Personal parto organizer

Algumas pessoas comentaram sobre minha organização para o parto e o pós-parto. Apesar de não ter deixado tudo pronto com a antecedência de que gostaria (muitas coisas estão fora do nosso controle), acho que, no geral, tenho conseguido manter uma ordem que, espero, me renderá um pós-parto mais tranquilo. Minha ideia é ter o máximo de tempo para conhecer minha filha, sem ter de ficar me preocupando com cozinhar, comprar não sei o quê que ficou faltando, administrar faxineira ou explicar pro marido ou pros familiares como fazer algo que antes era eu que fazia.

Claro que tudo o que fiz tem a ver com minha personalidade. Sou muito aperreada, como se diz no Ceará, e entro em surto facilmente quando percebo que algo deu errado. Então, pro meu próprio bem, me preparei. Era a única forma de eu me sentir menos ansiosa e poder me concentrar apenas no parto e na minha filha.
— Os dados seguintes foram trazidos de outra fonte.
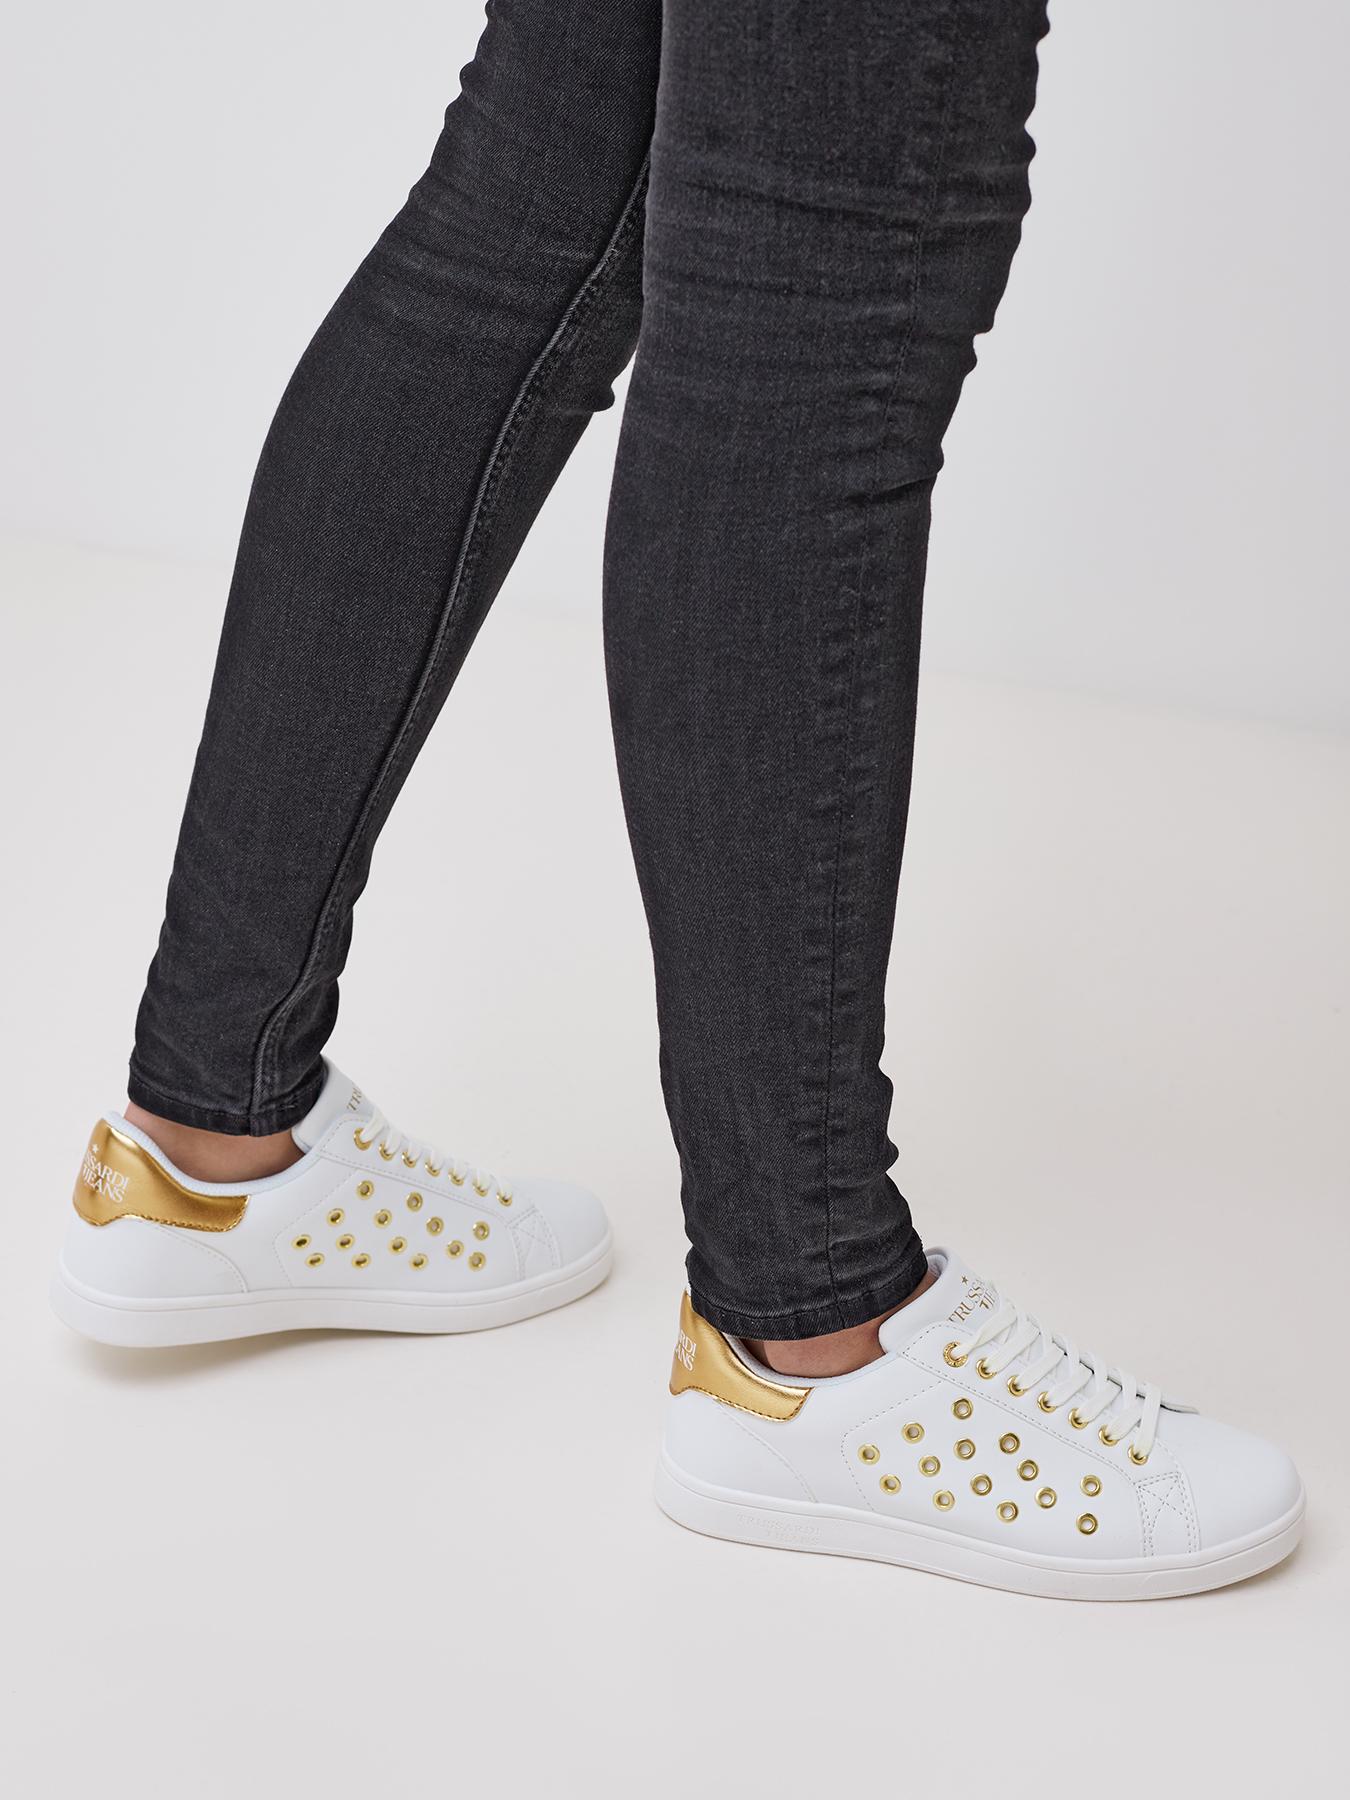 цена на Кроссовки Trussardi Jeans Кеды

As coisas que compartilhei e que ainda compartilharei aqui são a minha forma de agir. Mas quero deixar claro que não acho de forma alguma que alguém um pouco mais bagunçada que eu não possa ser uma mãe incrível. Não acho que a mala da maternidade tem de estar pronta um mês antes, nem o enxoval. Não acho que o carrinho tem de ser adquirido três meses antes, nem que você tem de ter comida no seu congelador. Acho que um bebê precisa de muito poucos bens e de muito do nosso tempo. Então você pode se virar do seu jeito – dar banho no chuveiro, colocar o bebê pra dormir na cama ou no carrinho enquanto não tem berço, pedir sua comida pelo telefone – e ser perfeitamente feliz dessa forma.
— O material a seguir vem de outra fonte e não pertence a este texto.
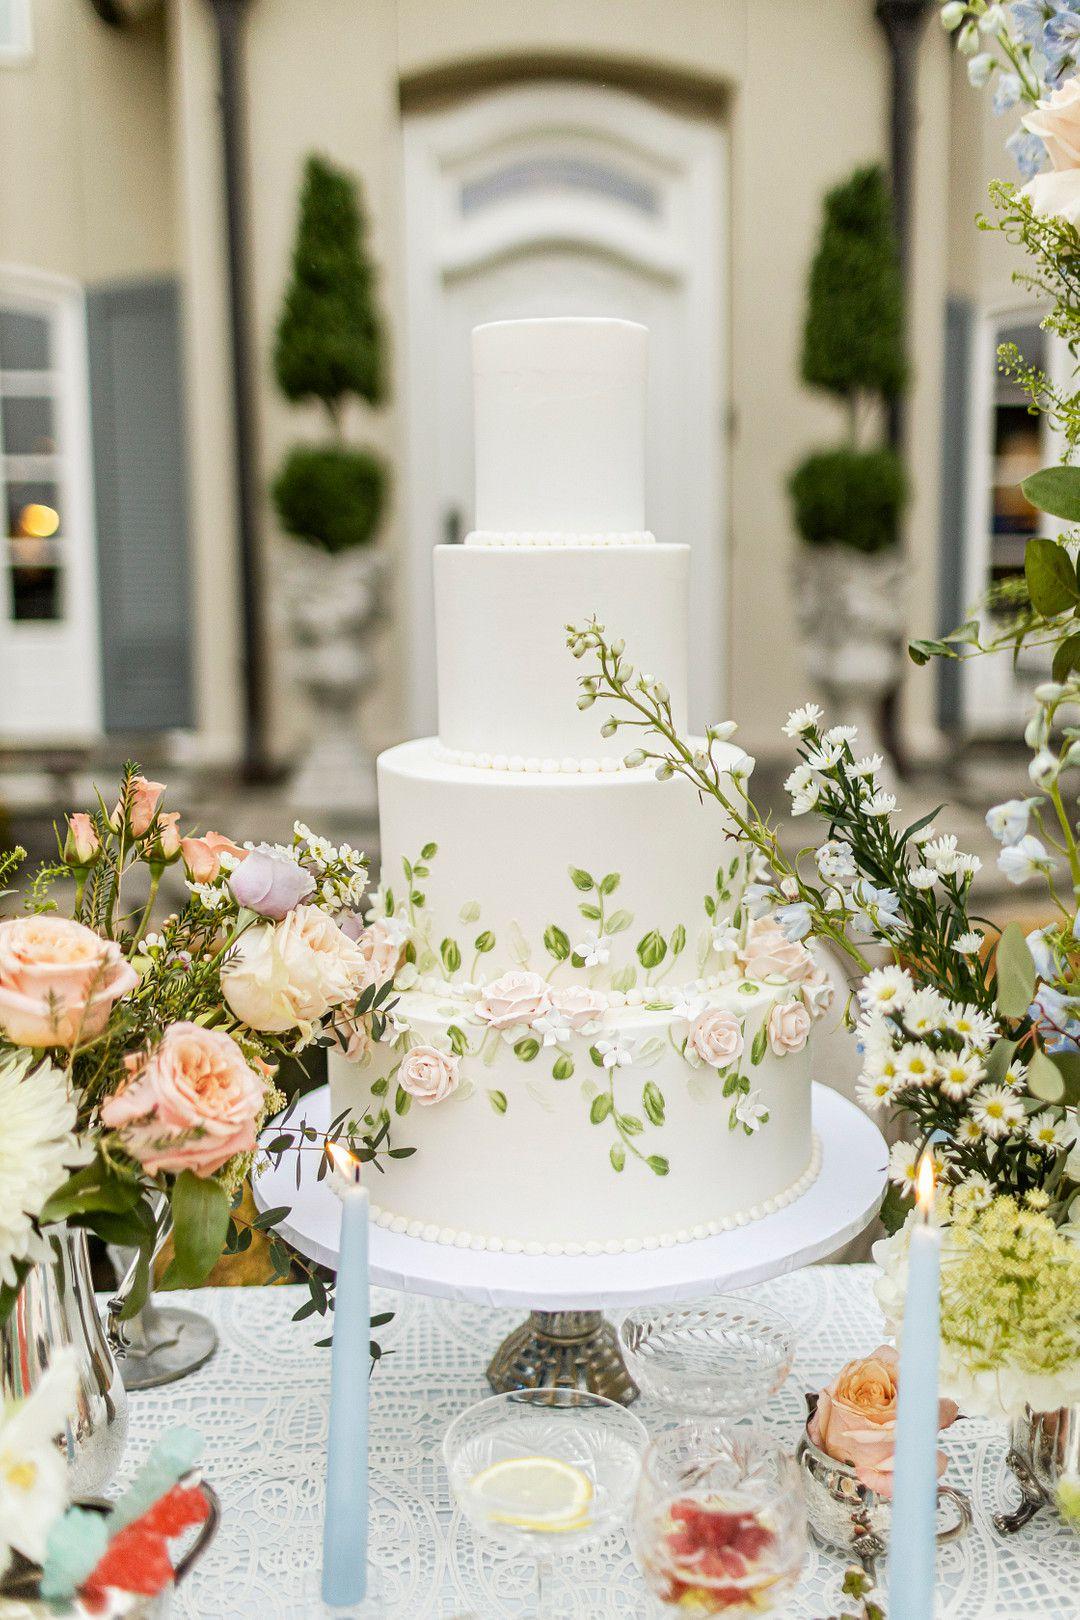 bridgerton netflix wedding cake

Fico extremamente agoniada com as listas dos sites e revistas sobre gravidez. Semana tal: “Visite as maternidades.” Semana tal: “É hora de escolher o pediatra”. Semana tal: “Sua mala já está pronta? Seu bebê pode chegar a qualquer momento.” De acordo com esses cronogramas, eu sou a gestante mais sem noção do mundo, porque faltando um mês pra minha filha nascer a mala não estava pronta, o berço ainda não estava montado e as roupas ainda estavam sendo lavadas. Mas gente, o que é isso de “seu filho pode chegar a qualquer momento?”. Se a pessoa tem uma idade avançada, está grávida de gêmeos, tem pressão alta, diabetes ou algum outro fator de risco, vá lá. Ou então se está tendo sinais de parto prematuro. Mas, em condições normais, quais as chances de você entrar em trabalho de parto com 34 semanas? E, se você entrar, seu bebê provavelmente vai ter de passar uns dias internado e alguém pode providenciar o que ficou faltando enquanto isso.

Mas eu sofro de um grave problema: culpa. Mesmo achando tudo isso, fico preocupada por não estar seguindo todas as orientações dos guias maternos. Então, para não entrar em parafuso, adotei o meu próprio cronograma. E isso eu recomendo para todas as mães: é a melhor forma de deixar tudo pronto a tempo sem se desesperar, sem se sentir culpada e sem esquecer nada.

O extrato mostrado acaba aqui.